我只是花了一些时间开始研究关于流和lambdas的java-8 buzz。令我惊讶的是,您不能直接在java.util.Collection上应用流操作,比如.map()、.filter()。java.util有什么技术原因吗?这些流操作的默认实现没有扩展集合接口?

Googling a bit, I see lots of examples of people coding along the pattern of:

在谷歌上搜索一下,我看到很多人按照以下模式编码:

List<String> list = someListExpression;
List<String> anotherList = list.stream().map(x -> f(x)).collect(Collectors.toList());

which becomes very clumsy, if you have a lot of these stream-operations in your code. Since .stream() and .collect() are completely irrelevant to what you want to express, you would rather like to say:

如果你的代码中有很多这样的流操作,就会变得非常笨拙。因为.stream()和.collect()与您想要表达的内容完全无关,所以您想说:

List<String> list = someListExpression;
List<String> anotherList = list.map(x -> f(x));

1 个解决方案

#1


78  

Yes, there are excellent reasons for these decisions :)

是的,这些决定有很好的理由:

The key is the difference between eager and lazy operations. The examples you give under the first question show eager operations where mapping or filtering a list produces a new list. There's nothing wrong with this, but it is often not what you want, because you're often doing way more work than you need; an eager operation must operate on every element, and produce a new collection. If you're composing multiple operations (filter-map-reduce), you're doing a lot of extra work. On the other hand, lazy operations compose beautifully; if you do:

关键是渴望操作和惰性操作之间的区别。在第一个问题下给出的示例显示了热切操作,其中映射或过滤一个列表会生成一个新的列表。这并没有什么错,但往往不是你想要的,因为你经常做的工作比你需要的多;热切操作必须对每个元素进行操作,并生成一个新的集合。如果您正在编写多个操作(filter-map-reduce),则需要做大量额外的工作。另一方面,懒惰的操作构成美丽;如果你做的事:

 Optional<Person> tallestGuy = people.stream()
                                     .filter(p -> p.getGender() == MALE)
                                     .max(comparing(Person::getHeight));

the filter and reduce (max) operations are fused together into a single pass. This is very efficient.

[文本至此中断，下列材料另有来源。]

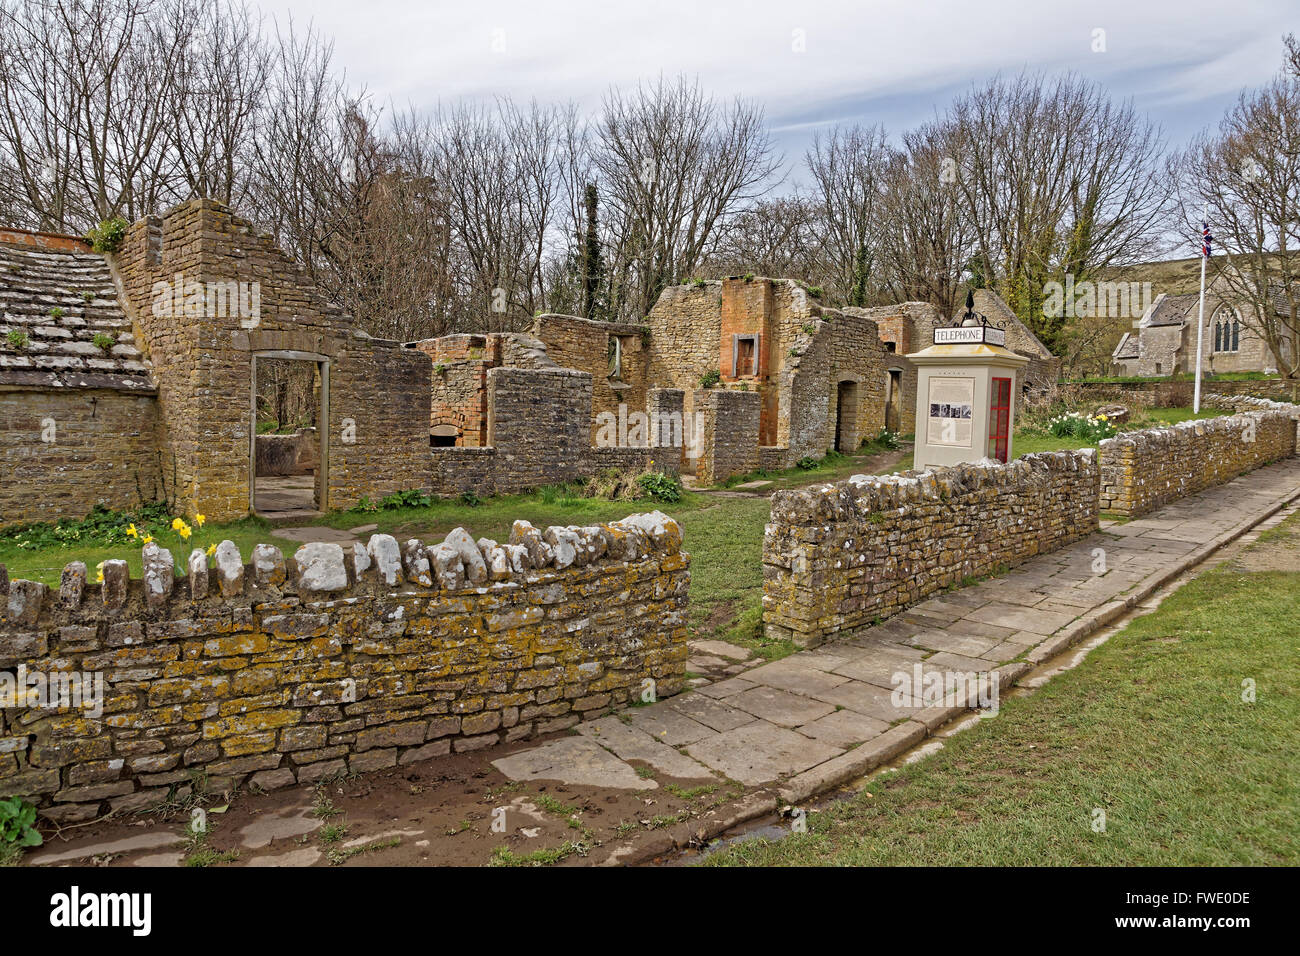 dilapidated houses in Tyneham village - Stock Image

过滤器和减少(最大)操作被融合到一个单一的通道。这是非常有效的。

So, why not expose the Stream methods right on List? Well, we tried it like that. Among numerous other reasons, we found that mixing lazy methods like filter() and eager methods like removeAll() was confusing to users. By grouping the lazy methods into a separate abstraction, it becomes much clearer; the methods on List are those that mutate the list; the methods on Stream are those that deal in composible, lazy operations on data sequences regardless of where that data lives.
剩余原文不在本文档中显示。